Here, focusing on the pressure regulating valve that adjusts the pressure of the reaction gas (hydrogen or air) supplied to the fuel cell among the components of the fuel cell system described above, for example, according to Patent Document 1 below, There is a method of controlling the pressure regulation valve so that the opening degree of the pressure regulation valve does not become a predetermined degree or less when it is detected that the pressure regulation valve is likely to be frozen so that the pressure regulation valve does not freeze at low temperatures.
JP 2004-31288 A

  However, in the conventional fuel cell system described above, when exhaust gas with moisture is introduced into the pressure regulating valve after power generation is started, the flow velocity increases and the pressure decreases, so that the inner surface of the flow channel is frosted. There is a problem that it is easy to occur and slows down the operation of the valve, or worst freezes to fix the valve and make the pressure adjustment impossible.

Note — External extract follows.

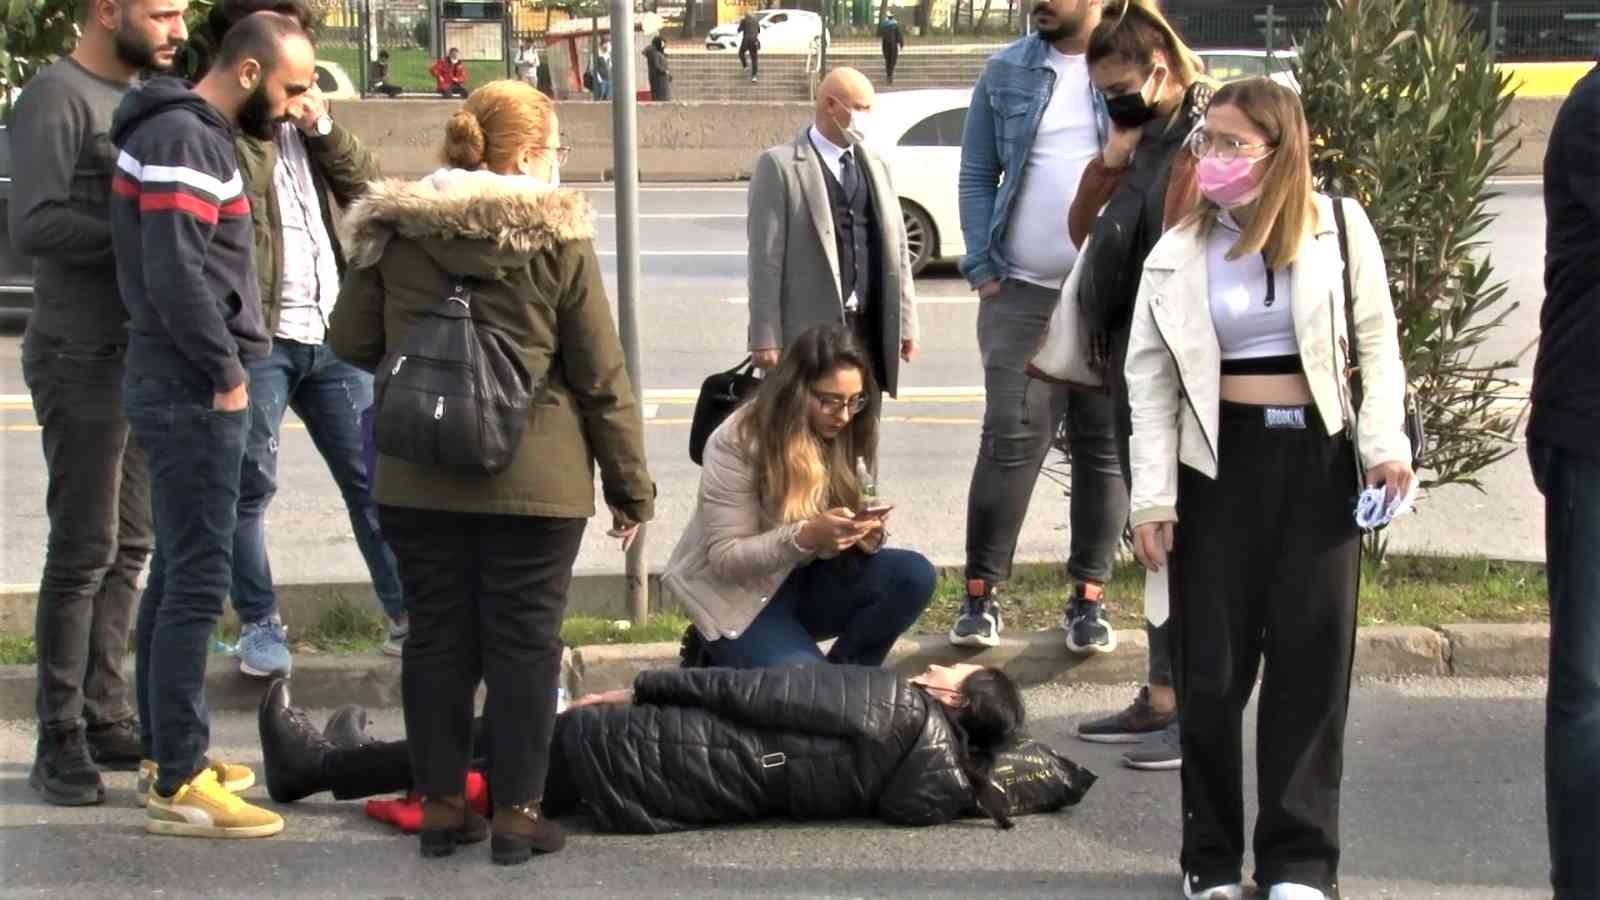 Kadıköy’de üniversiteli genç kız kaza yaptı, annesi yolda önlem alınmamasına tepki gösterdi #istanbul
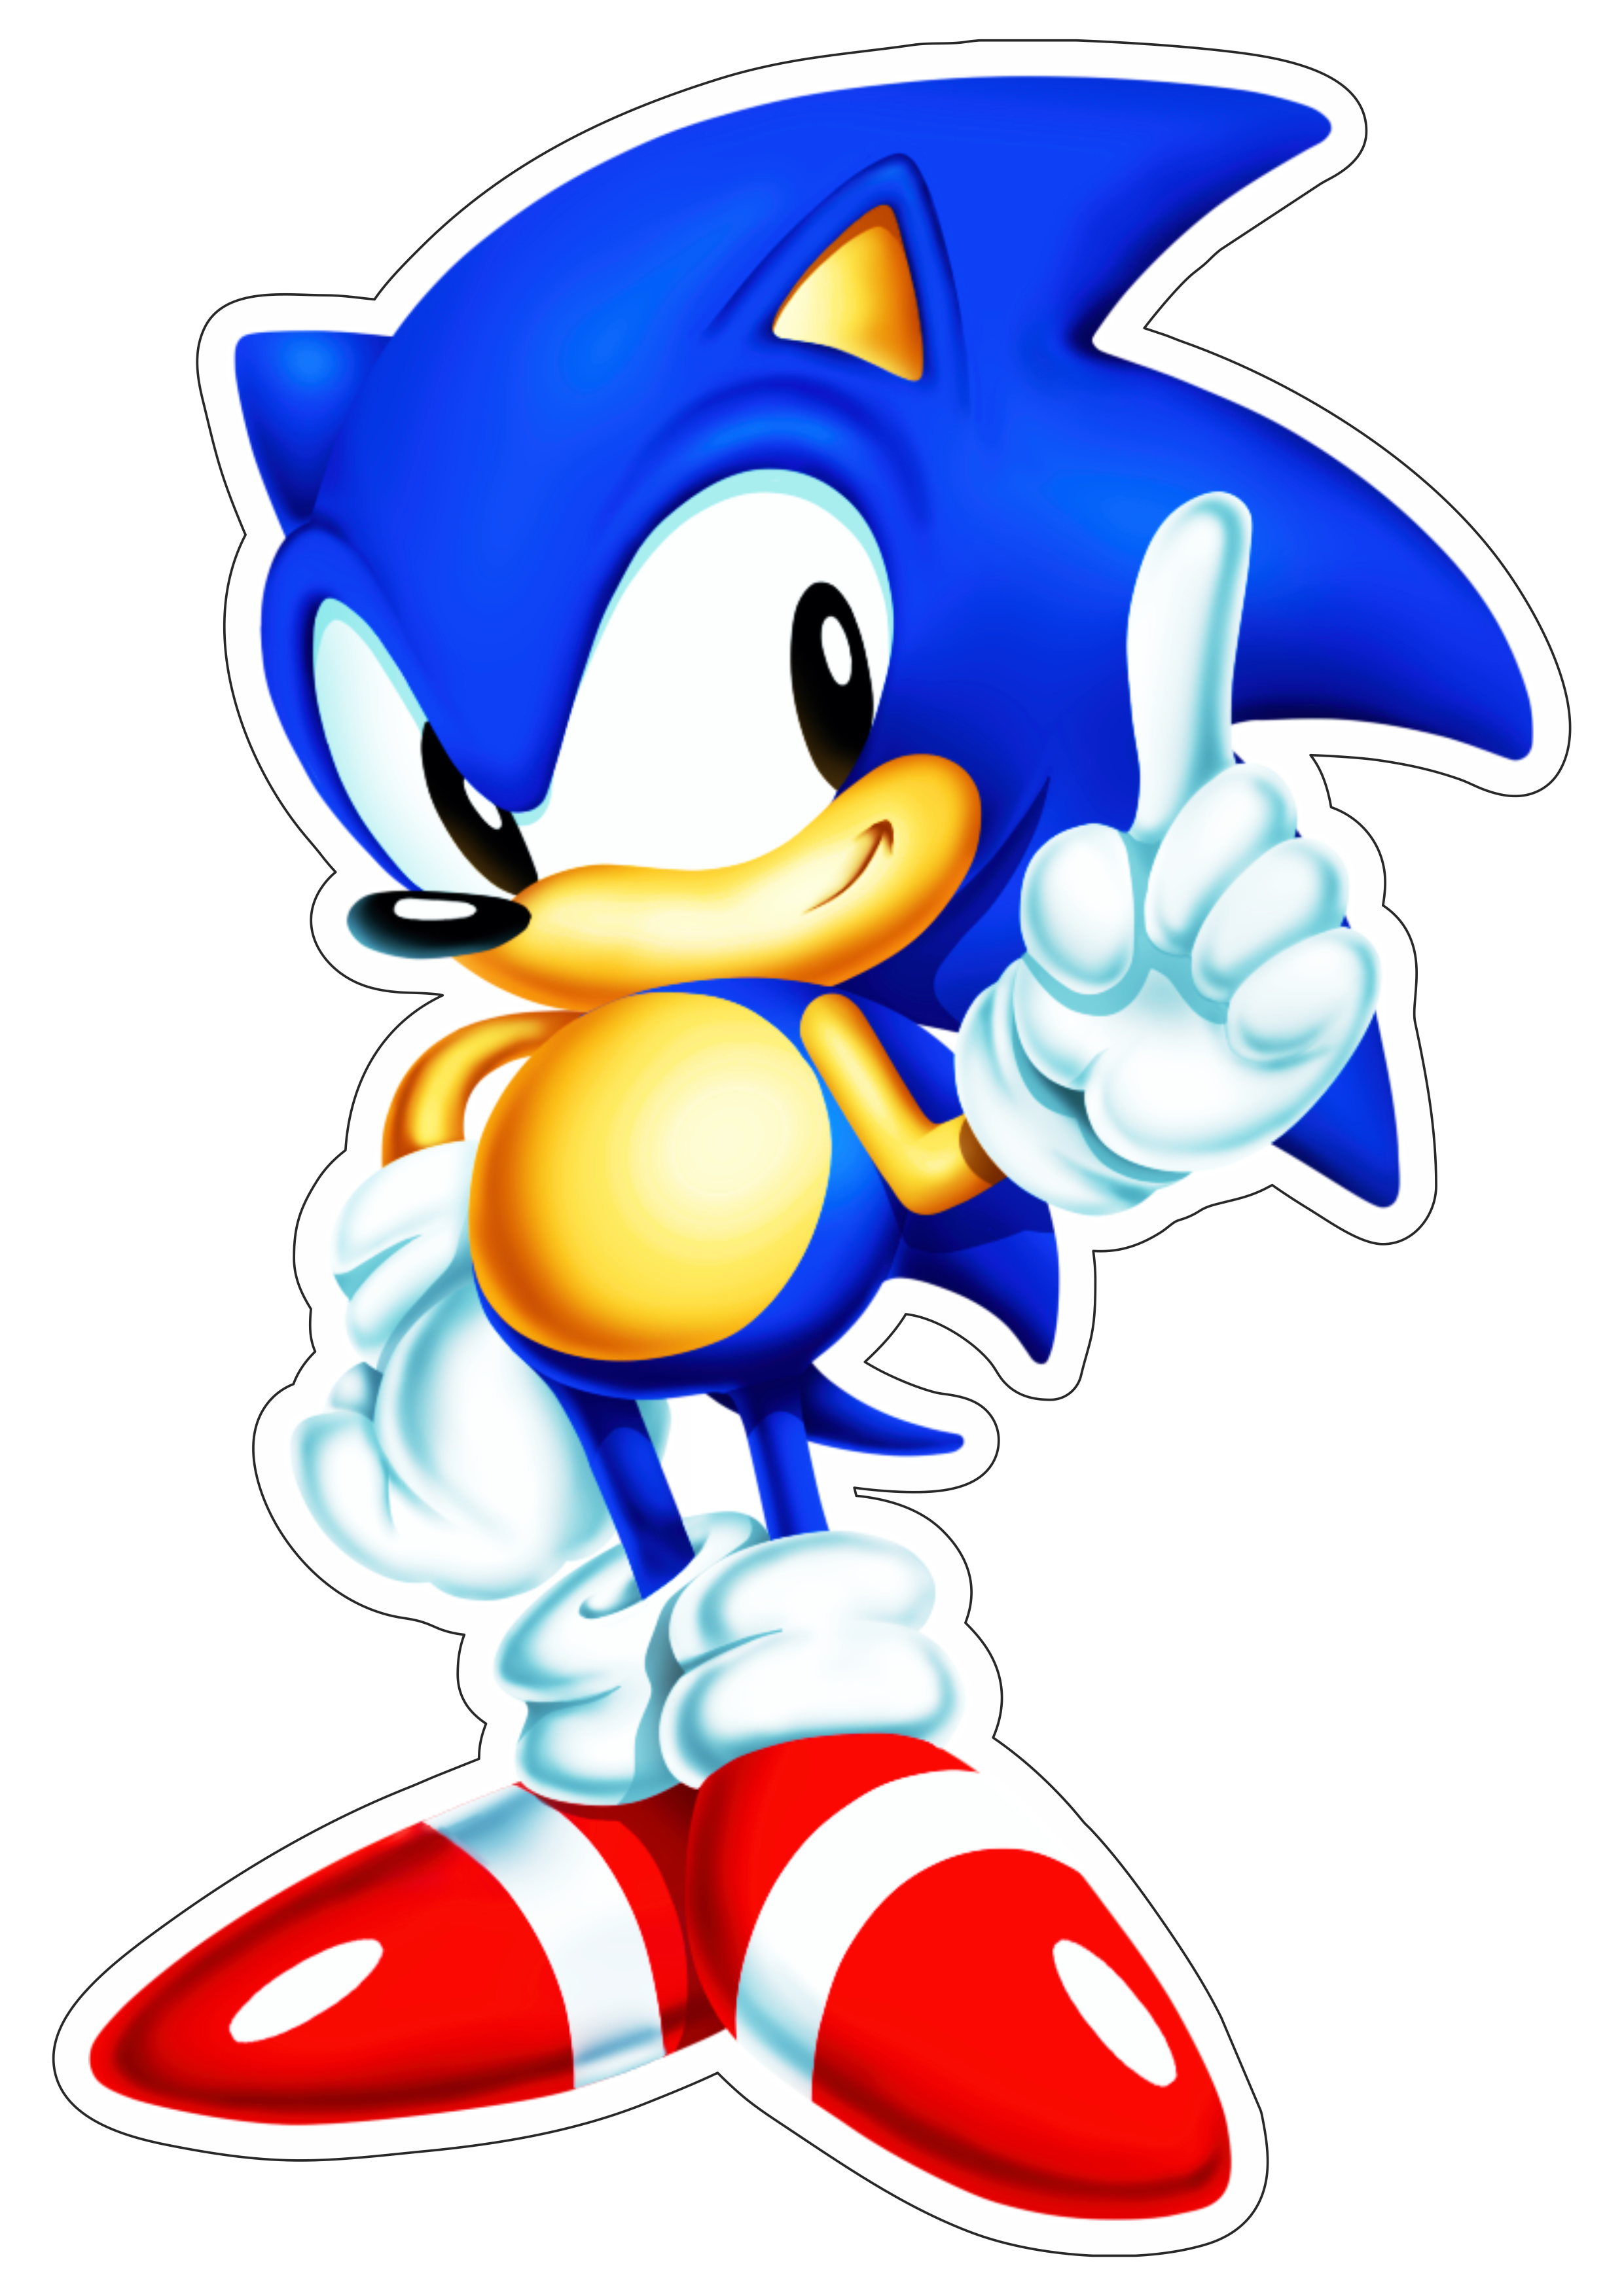 Sonic the hedgehog personagem de game imagem sem fundo png

  In addition, since the pressure control valve is controlled so that the opening degree of the pressure regulation valve is not less than a predetermined opening degree, a range of pressure control by the pressure regulation valve is limited, which causes a problem that the operation efficiency of the fuel cell system is reduced.

  SUMMARY OF THE INVENTION Accordingly, an object of the present invention is to prevent a malfunction of a pressure regulating valve at a low temperature while preventing a decrease in operating efficiency as a fuel cell system.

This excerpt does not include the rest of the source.